Defendant, Leonard Lowenstein, appeals the sentence imposed by the district court following his conviction for threatening the life of a Michigan Special Assistant Attorney General. Defendant contends that the district court’s decision to depart upward from the Sentencing Guidelines range of twelve to eighteen months and impose a forty-eight month term of imprisonment was improper and unreasonable. Defendant also argues, for the first time on appeal, that he did not receive notice of each ground for the departure, as required by Burns v. United States, — U.S. -, 111 S.Ct. 2182, 115 L.Ed.2d 123 (1991). Finding defendant’s arguments to lack merit, we affirm.

I.

In 1986 defendant inherited approximately $220,000. In accordance with its inheritance tax laws, the state of Michigan ordered him to pay an inheritance tax. Despite repeated efforts by the state to collect the tax, defendant steadfastly refused to pay. Consequently, in June 1990 David Kaufman was appointed as a Special Assistant Attorney General for the purpose of collecting the tax. Kaufman met and spoke over the telephone with defendant on numerous occasions in an attempt to collect the tax. Defendant grew increasingly angry over Kaufman’s collection efforts and, in March 1991 made the first of *453 approximately thirty telephone calls in which he threatened Kaufman’s life.

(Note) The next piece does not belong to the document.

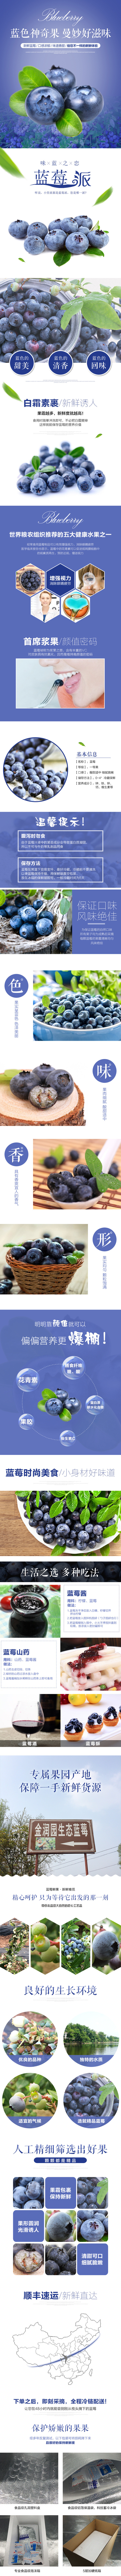 淘宝美工小远方休息食品 蓝莓 绿色有机水果 健康 新鲜 水果详情页作品

Defendant was indicted for making threatening communications, in violation of 18 U.S.C. § 875(c), and was convicted following a jury trial. Under the Sentencing Guidelines, his sentence range was twelve to eighteen months. In defendant’s presentence report, the probation officer noted that an upward departure might be warranted under U.S.S.G. § 4A1.3, p.s. (adequacy of criminal history category). On the day of sentencing, the district court announced that it would depart upward from the guidelines range for two reasons. First, according to the district court, the applicable guidelines section, § 2A6.1, did not adequately take into account the multiple threatening communications involved in defendant’s case. Second, the district court concluded that under § 4A1.3, defendant’s criminal history category did not adequately reflect the seriousness of his past criminal conduct. Accordingly, the district court imposed a forty-eight month term of imprisonment. Defendant now appeals, arguing that the departure was improper and unreasonable, and that he did not receive notice of each ground for the departure.

II.

As provided in 18 U.S.C. § 3553(b), the district court shall impose a sentence within the applicable guideline range, “unless the court finds that there exists an aggravating or mitigating circumstance of a kind, or to a degree, not adequately taken into consideration by the Sentencing Commission.” Similarly, U.S.S.G. § 5K2.0, p.s. provides that an upward departure may be warranted “if the court determines that, in light of unusual circumstances, the guideline level attached to that factor is inadequate.”

This court reviews an upward departure under a three-step analysis:

[t]he first step is a question of law regarding whether the circumstances of the case are sufficiently unusual to justify departure. Step two involves a determination as to whether there is an actual factual basis justifying the departure. Here, the standard is whether the - determination made involves clear error.
The third step is that, once the Court has assured itself that the sentencing court considered circumstances appropriate to the departure, the degree of departure must be measured by a standard of reasonableness on appeal.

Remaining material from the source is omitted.